Exercise directions: Line by line, retype the material exactly and leave each picture out.

Collected data:
--------------------

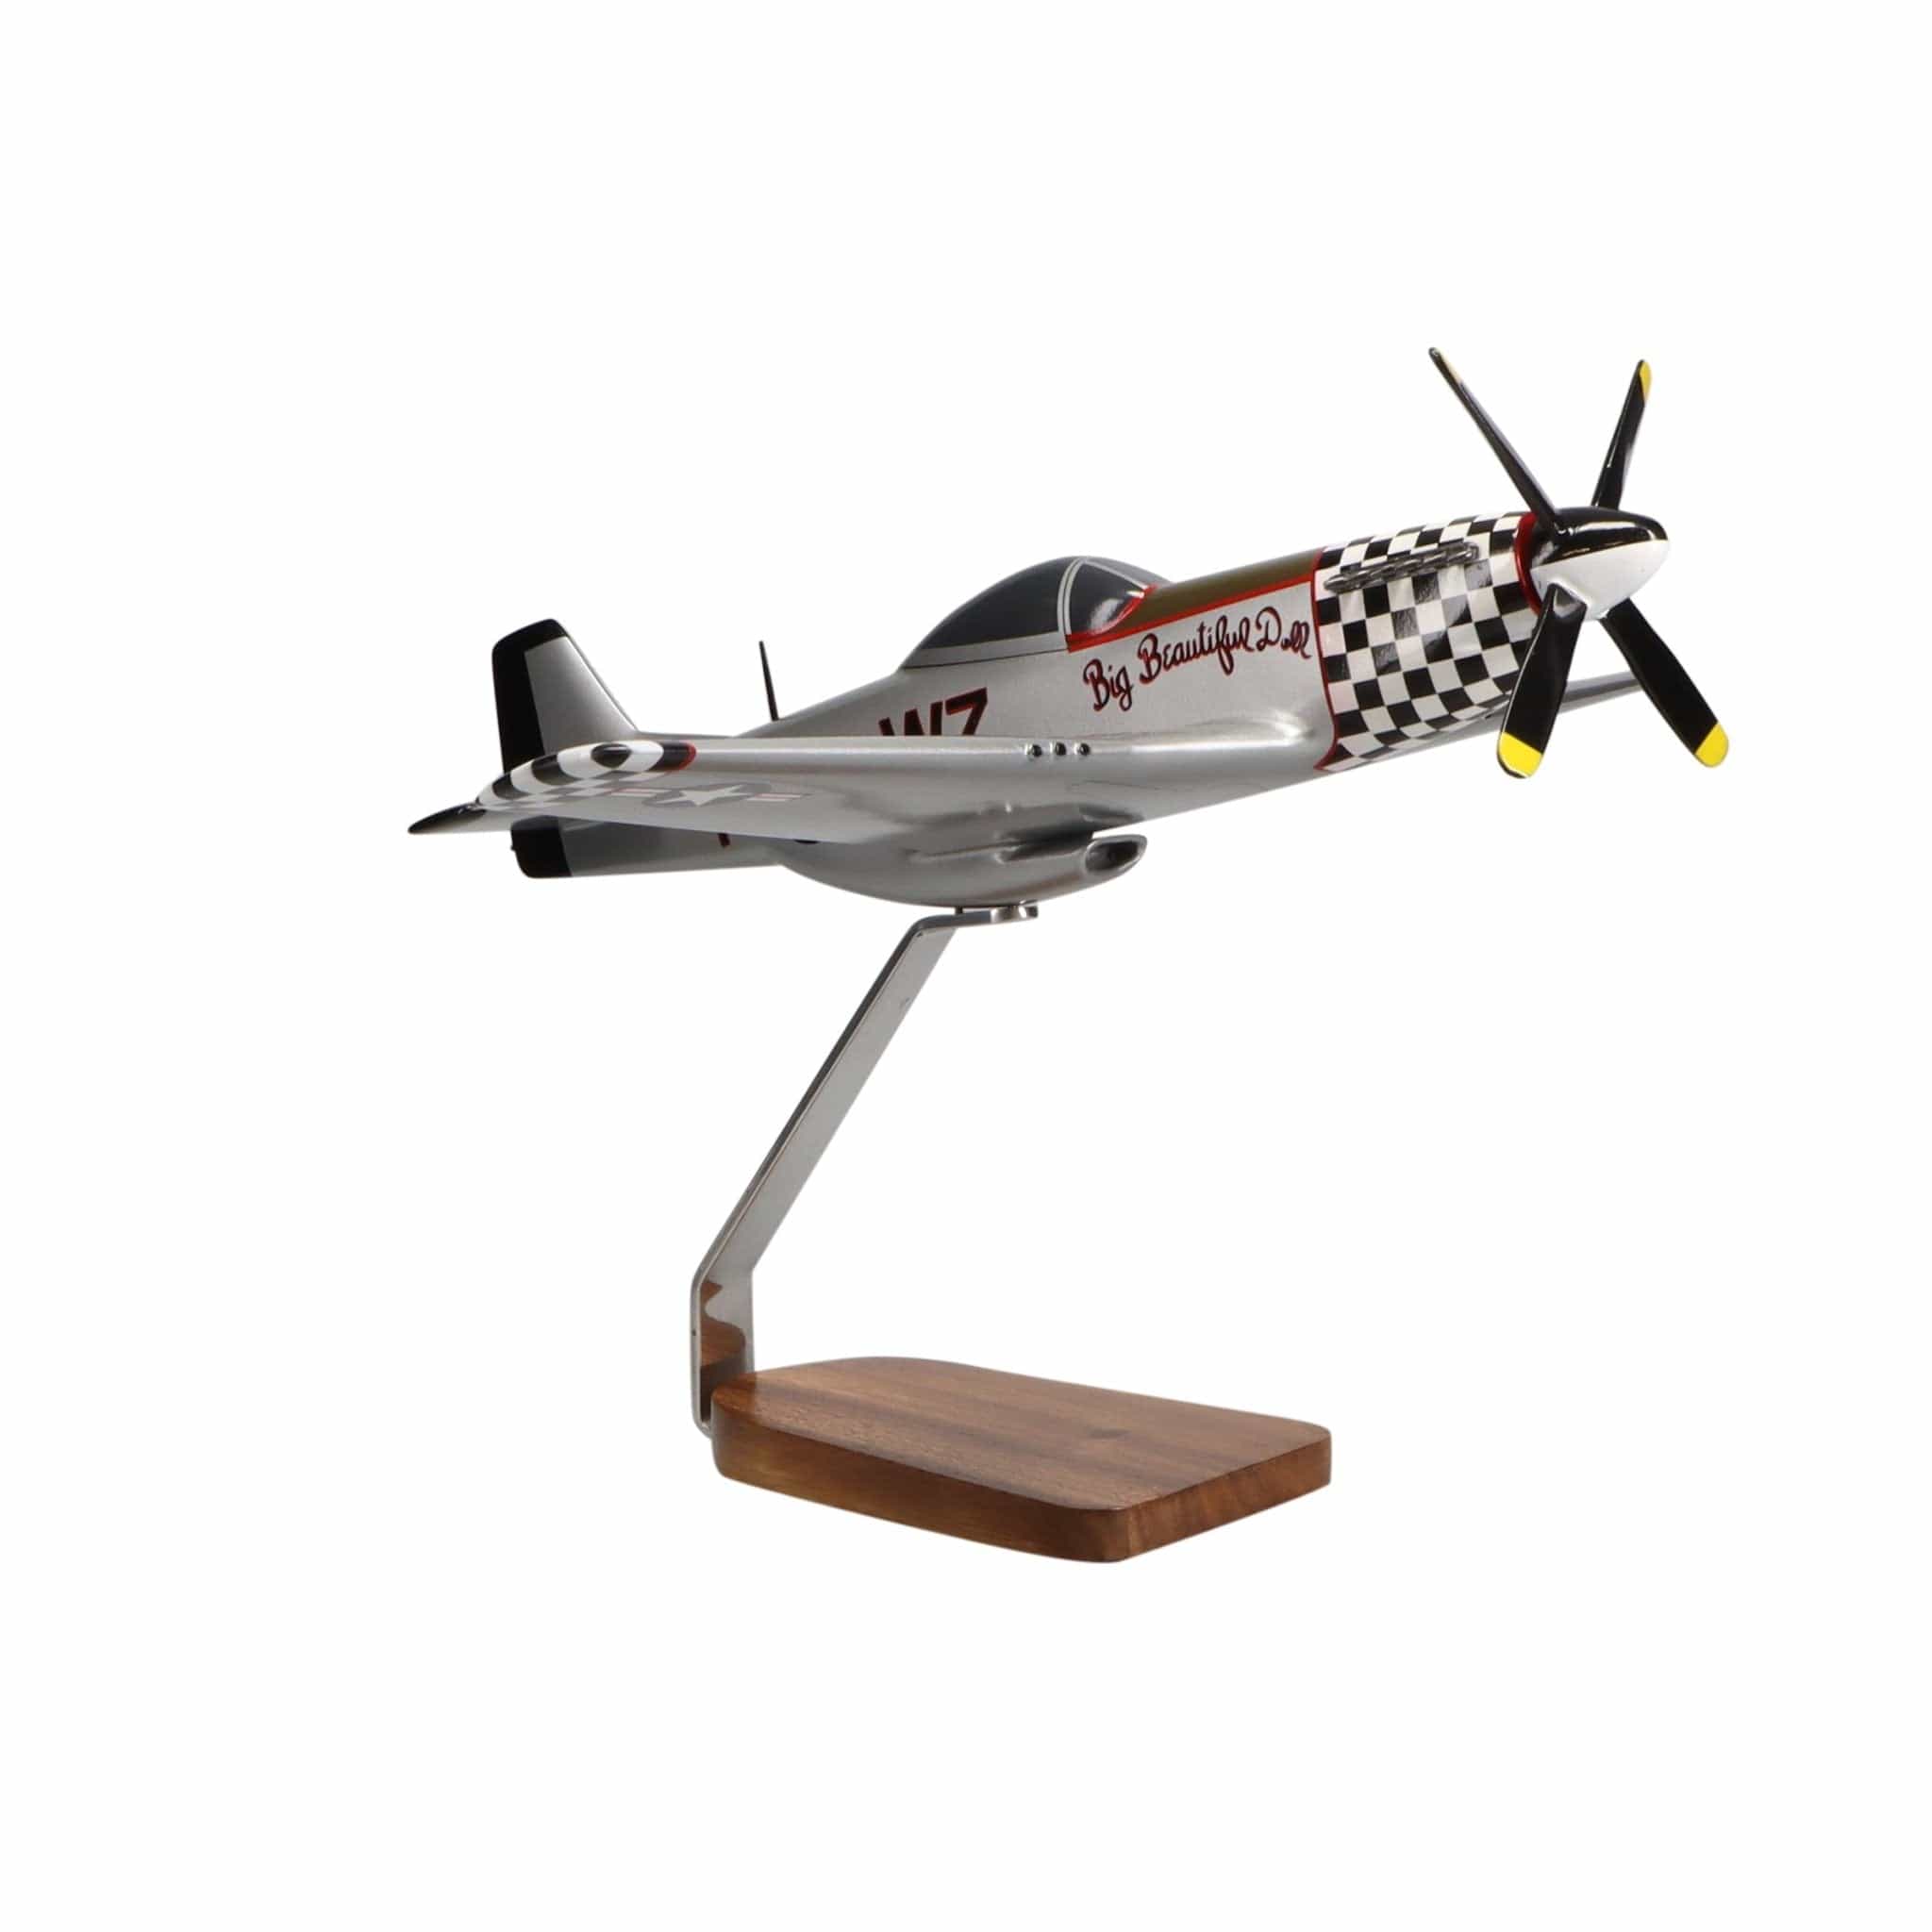 North American P-51D Mustang "Big Beautiful Doll" Large Mahogany Model - PilotMall.com
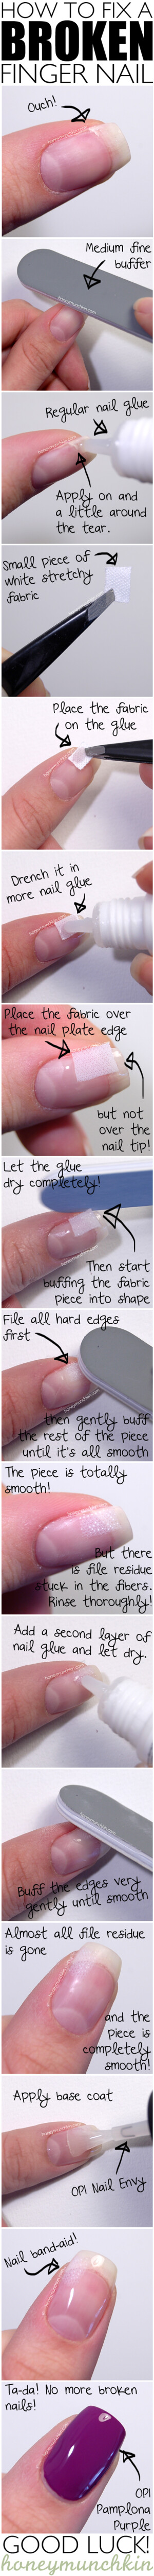 How to fix a broken finger nail tutorial by Honeymunchkin.com
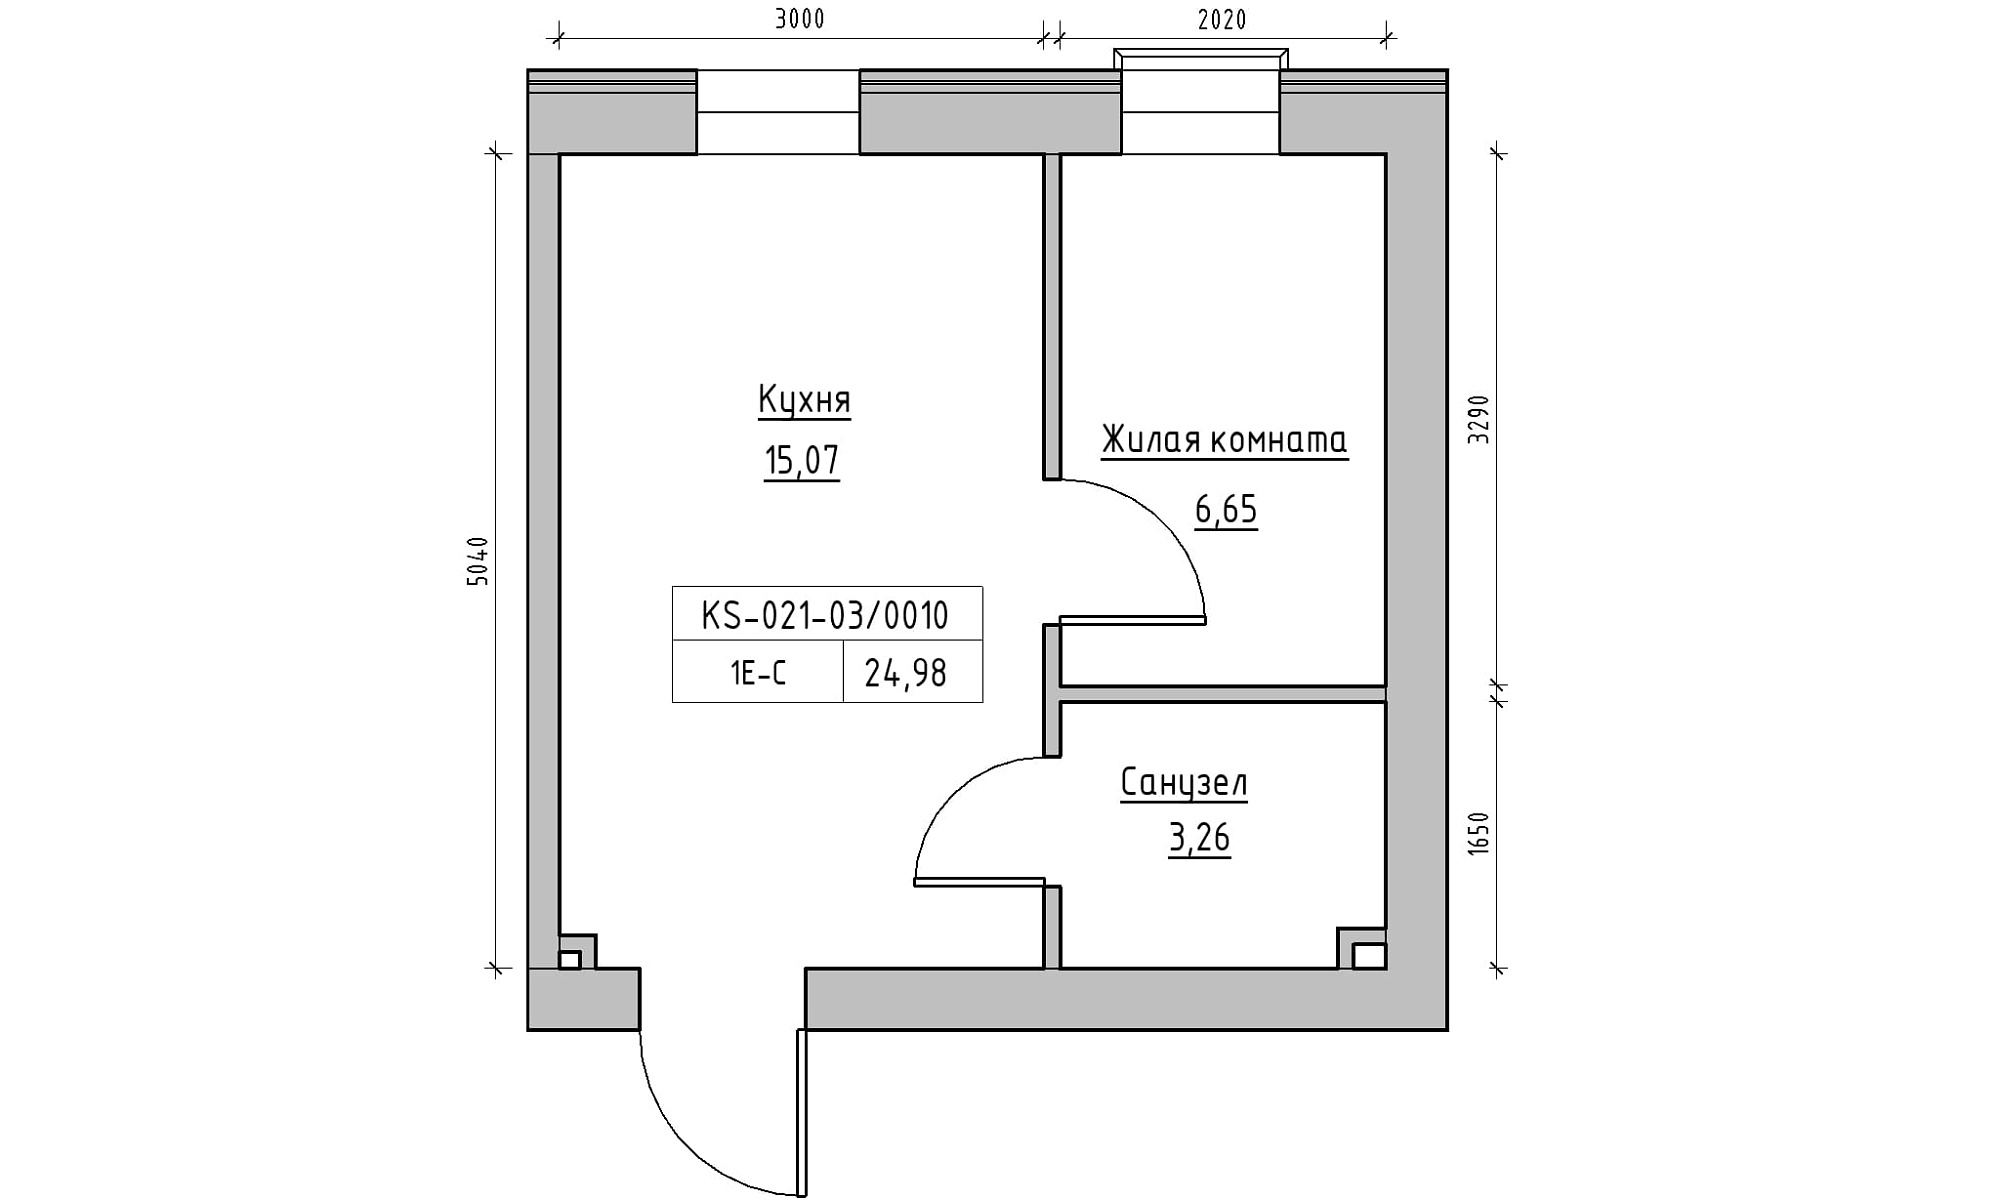 Planning 1-rm flats area 24.98m2, KS-021-03/0010.
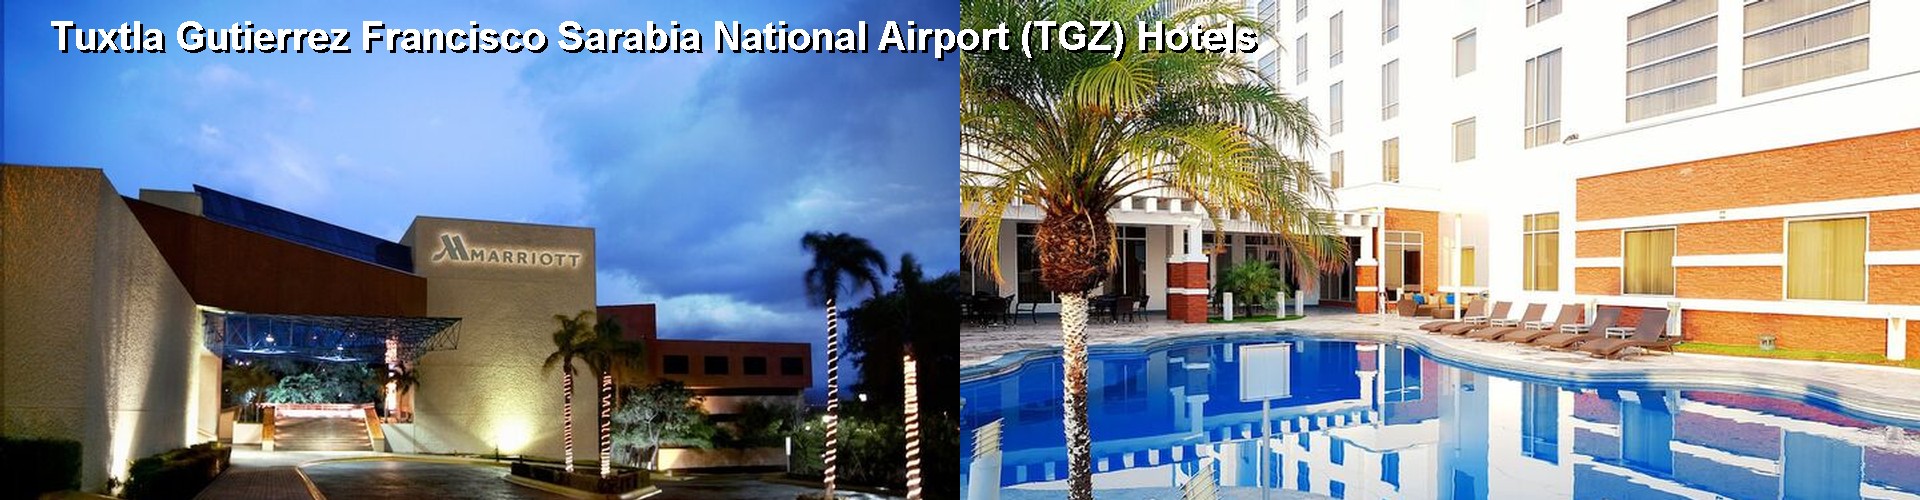 5 Best Hotels near Tuxtla Gutierrez Francisco Sarabia National Airport (TGZ)

--------------------

Exercise result:
 North American P-51D Mustang "Big Beautiful Doll" Large Mahogany Model - PilotMall.com
 How to fix a broken finger nail tutorial by Honeymunchkin.com
 Planning 1-rm flats area 24.98m2, KS-021-03/0010.
 5 Best Hotels near Tuxtla Gutierrez Francisco Sarabia National Airport (TGZ)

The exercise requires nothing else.